The question is. How to define the 'center' set to obtain such a series of rectangles as in this graph? (I made it by hand :)):

enter image description here

So how to fill the matrix with full non-overlapping rectangles with given side lengths and inclination angle alpha.

$\endgroup$
5
  • $\begingroup$ It's an interesting problem. Can't you just start packing the $l$ by $w$ rectangles beginning with the first one oriented at the correct angle as close to the upper left corner first. Then compute the running distance $d$ of the next row and pack $\mod(d,l)$ more rectangle, then next $d$ and more mods?
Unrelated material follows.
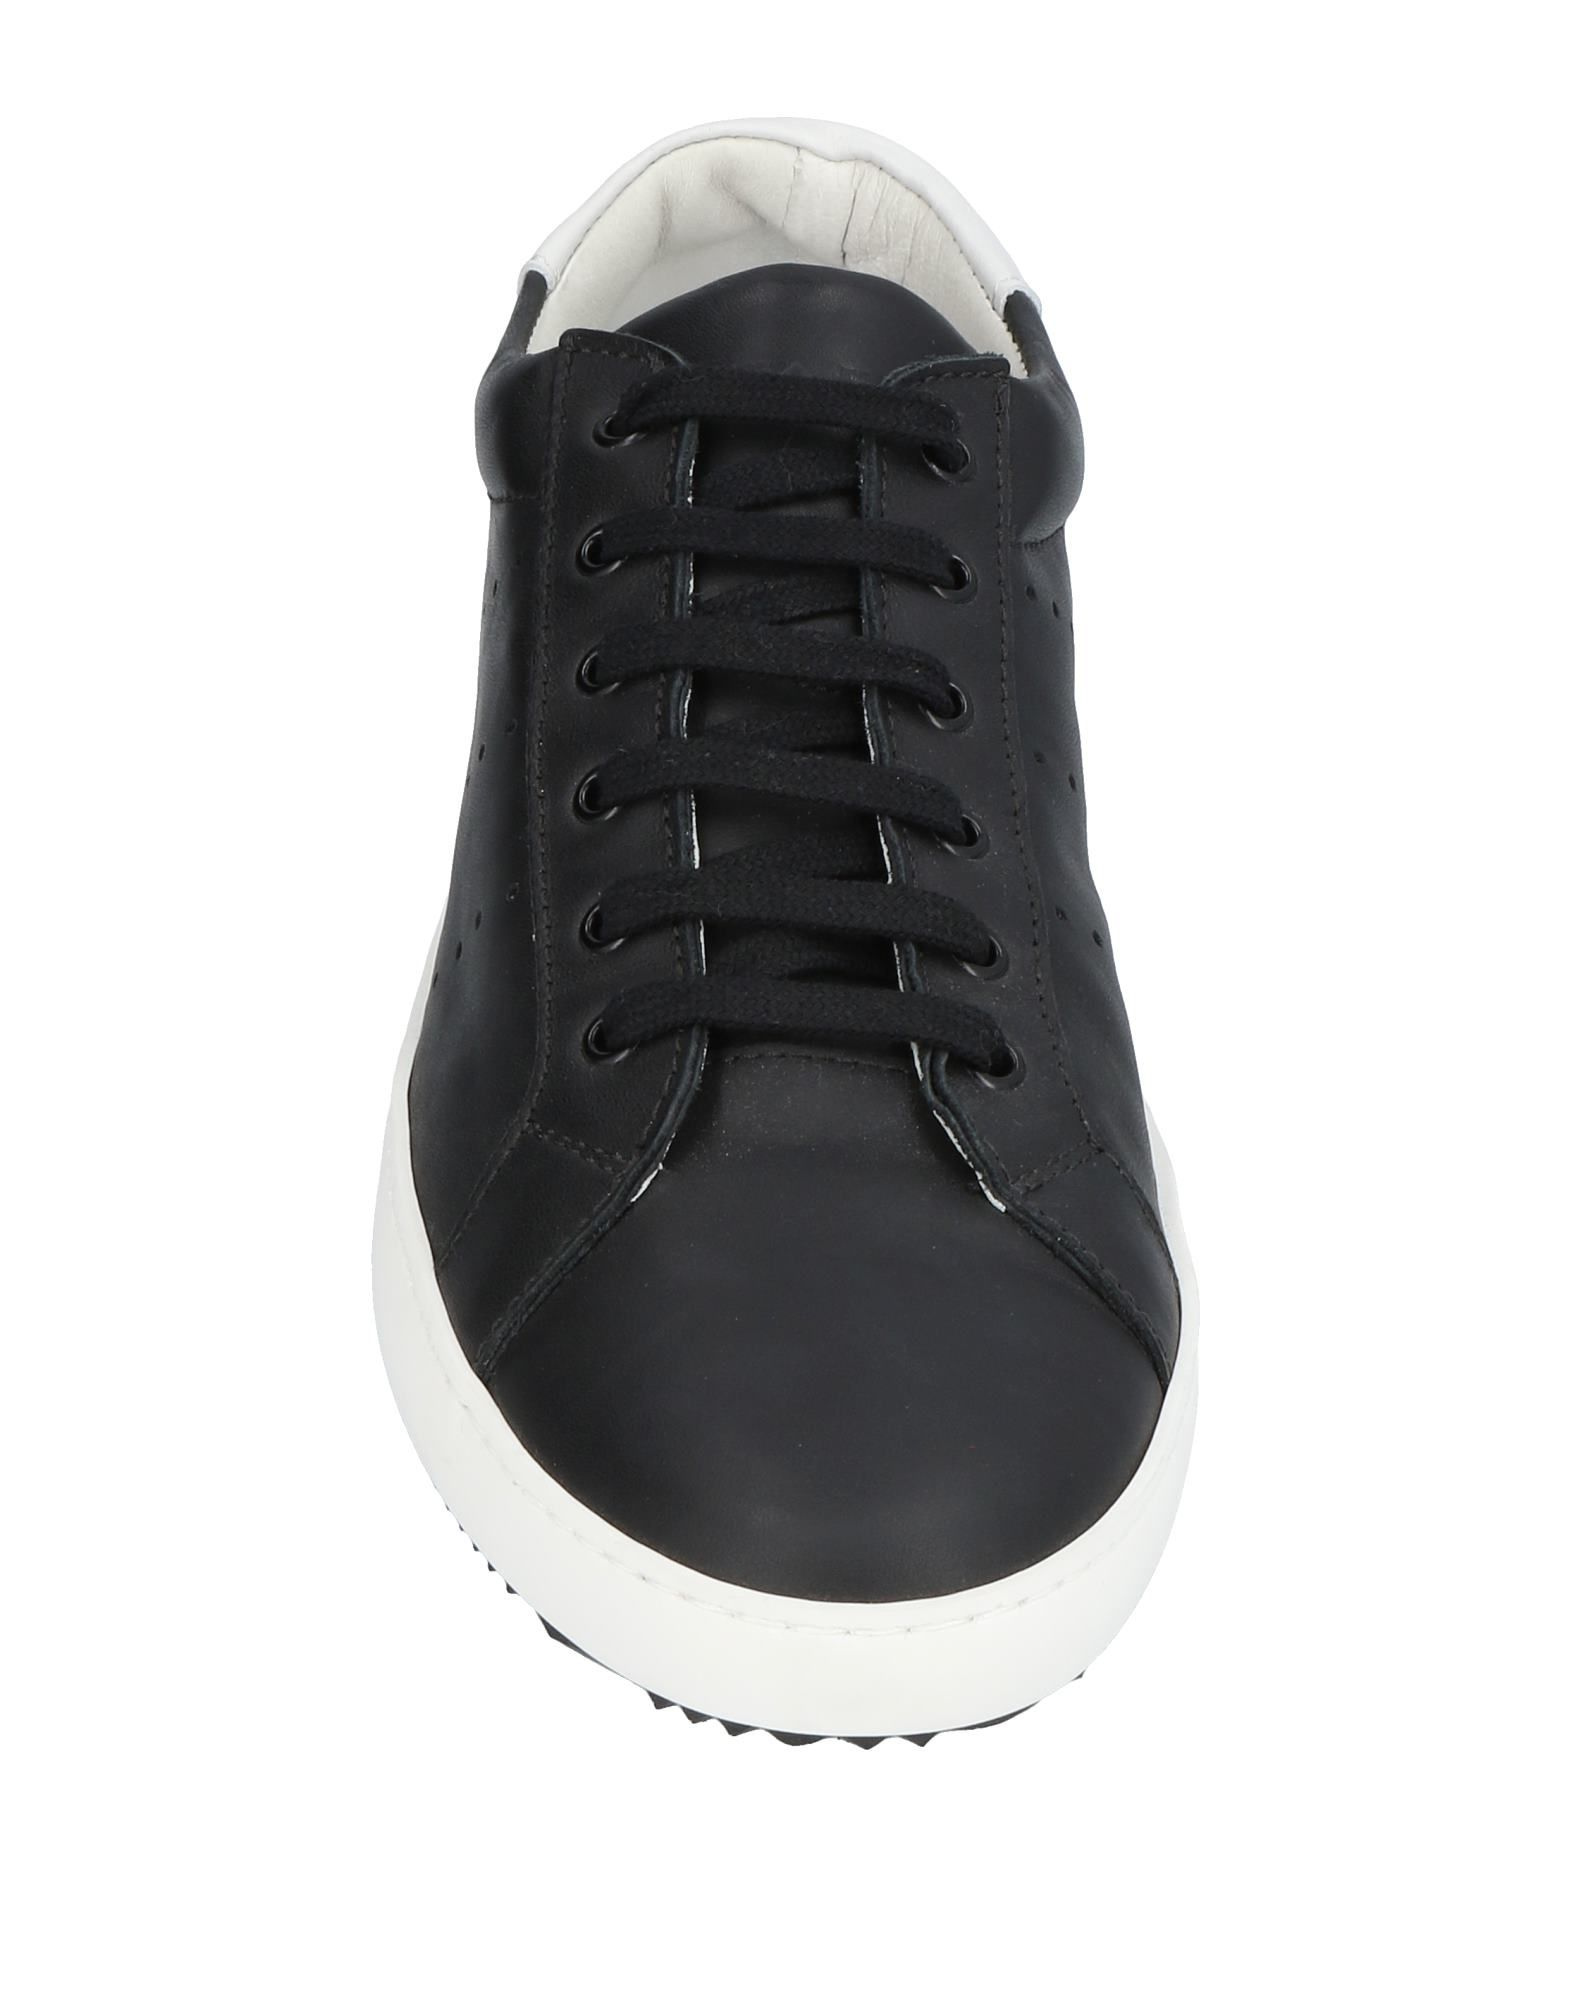 Liviana Conti Sneakers Damen   Damen 11196219LO 5be0f9

I would first start with just the first rectangle placed correctly and then write the mod routine to get just the next row to even see if this is a plausible method. $\endgroup$
    – josh
    Commented May 24, 2022 at 17:22
  • $\begingroup$ <<<Can't you just start packing the l by w rectangles beginning with the first one oriented at the correct angle as close to the upper left corner first. >>>> The first rectangle in the upper left corner is packed as close as possible - if it is higher or more to the left then it will not all fit in the matrix. ...but thanks! $\endgroup$
    – ralph
    Commented May 24, 2022 at 17:41
  • $\begingroup$ Yes, the first one can only go in one place determined by $l,w,\alpha$. Just draw the matrix and programatically place it where it belongs. Can then determine the line between the first and second row. Extend that line to the boundaries and compute it's length $l_2$. Then can do a $\mod(l_2,l)$ to get the number of rectangles for second row. Pack thoes. I would first work on just the first two rows first perhaps in Manipulate environement where you can adjust $l,w,\alpha$ to confirm its working then proceed further. Not suggesting it's easy, just a possible method. $\endgroup$
    – josh
    Commented May 24, 2022 at 17:56
  • $\begingroup$ Please post the complete code. The code can not run. $\endgroup$
    – cvgmt
    Commented May 25, 2022 at 1:14
  • $\begingroup$ Now code is ok. :) $\endgroup$
    – ralph
    Commented May 25, 2022 at 8:09

1 Answer 1

2
$\begingroup$

This was an interesting problem! I approached this as a lattice and first set out to find the translations that would generate the lattice from the rectangular repeating unit. Below I am using $15\times5$ rectangles, rotated by $30^{\circ}$, just to have a practical representation (the code that generated this diagram is attached at the end).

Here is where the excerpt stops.